In Detroit, automatic registration did not have the same impact on turnout as it did in rural Michigan. In 2024, Detroit turnout was 47% (compared to 53% in 2008), with most precincts reporting less than 20% turnout, some as low as 12%.
As someone who used to live and work in Detroit, and who was a foster home for the City of Detroit, this is exactly as I expected. People don’t vote because they don’t want to, not because they had so much trouble getting registered. That was always a red herring.
Automatic registration bears this out and explains the decrease in voter turnout – Michigan succeeded in registering a whole bunch of urban people who will never vote. So your turnout percentage goes down.
Youth turnout was even worse at 42%, as compared to 51% in 2008. And also becoming more Republican. I suspect that some of that number is because 20% of youth voters are, in fact, also rural voters and likely turn out at a higher rate than urban youth and vote more Republican than urban youth.
Still, the decline from 51% to 42% isn’t so much that young voters are less engaged, it is simply that far more young voters are now automatically registered. They just don’t vote, which has always been the case, so the overall percentage goes down.
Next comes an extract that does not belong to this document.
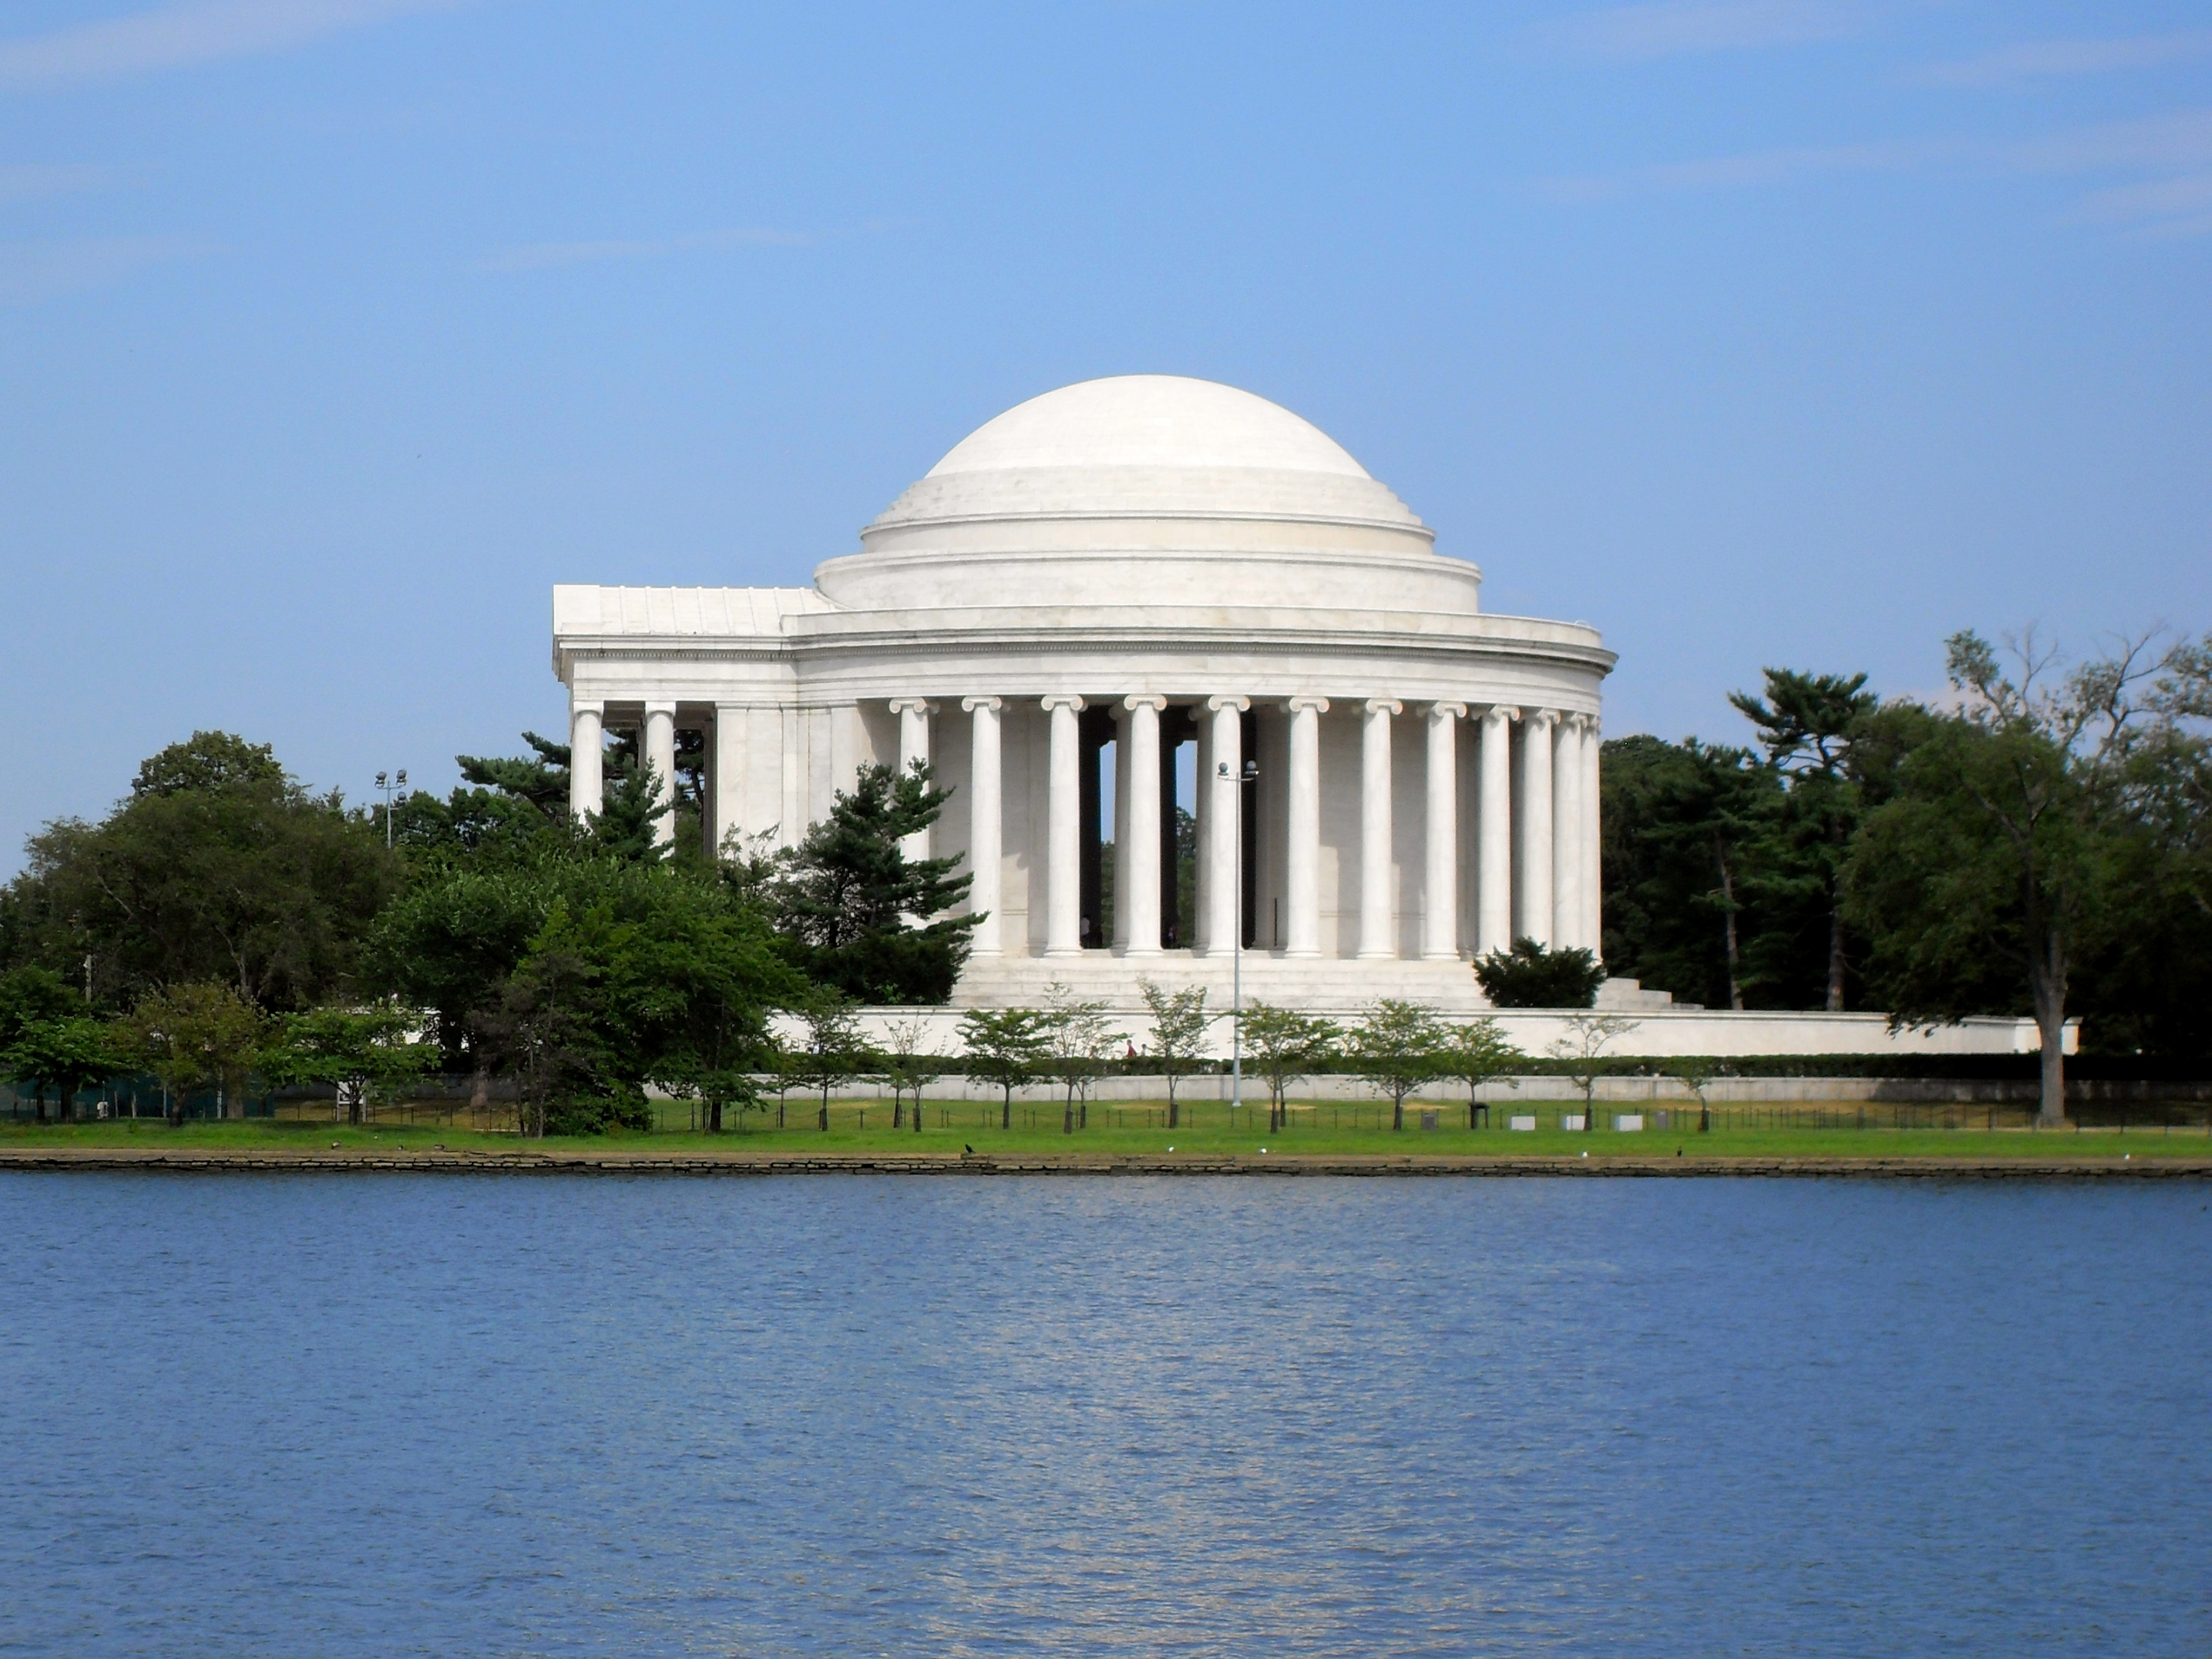 Jefferson Memorial – Quality Private Tours of Washington, D.C.

Minnesota and Pennsylvania also have automatic registration. In Pennsylvania, 34% of automatic registrants were Republicans and 30% were Democratic. I don’t have data for Minnesota, but I note that Minnesota’s legislature turned red in the last election, though a court decision and special election later this month may return the legislature to being more evenly divided.
My back-of-the-envelope math indicates that when you add up the voting power adjusted for turnout of the Youth, Black, Arab, Latino, and Gay groups targeted by Democrats, you get a voting bloc that is just about on par with the rural voting bloc.
Yet, the Harris campaign didn’t reach out to rural voters and never visited rural Michigan. She instead went to the one wealthy cosmopolitan city in Northern Michigan, Traverse City, where I was born.
It may have seemed rural to her coming from academia in Berkeley, California, followed by a life in Washington D.C., but to us, that is the Big City. It is, in fact, a Micro Metropolitan Statistical Area. Trump didn’t have to visit rural Northern Michigan this cycle. He visited the county seat in Wexford County in 2016 (where my township is located), and people still talk about that visit. Did she ever bring up rural broadband, which we were thrilled to get, in the weeks leading up to the election?
One other gift Michigan gave Republicans is straight-party voting. What this means is that in rural county after rural county, a Democrat who wants to run has to run as a Republican.
This simply depresses the Democratic brand even further and explains in part why Michigan has the highest percentage of uncontested elections, at 80%.
Even though most of these are at the local level, it is striking when one enters the ballot box and sees that literally everyone in your county running for office is Republican. Few people figure out that some in that mix are actually Democrats. Michigan has essentially created a one-party system in many of its counties.
I was curious to see how the Republicans got straight-party voting passed. However, I was amused to see that actually Democrats had pushed for and passed this.
The poorly reasoned argument being that urban voters need it to be easy otherwise they won’t vote (which isn’t very flattering to urban voters). I don’t think that voter turnout in Detroit declining from 53% to 47% bears this out.
This is one of several headwinds that Michigan Democrats have going forward. Business as usual simply will no longer work.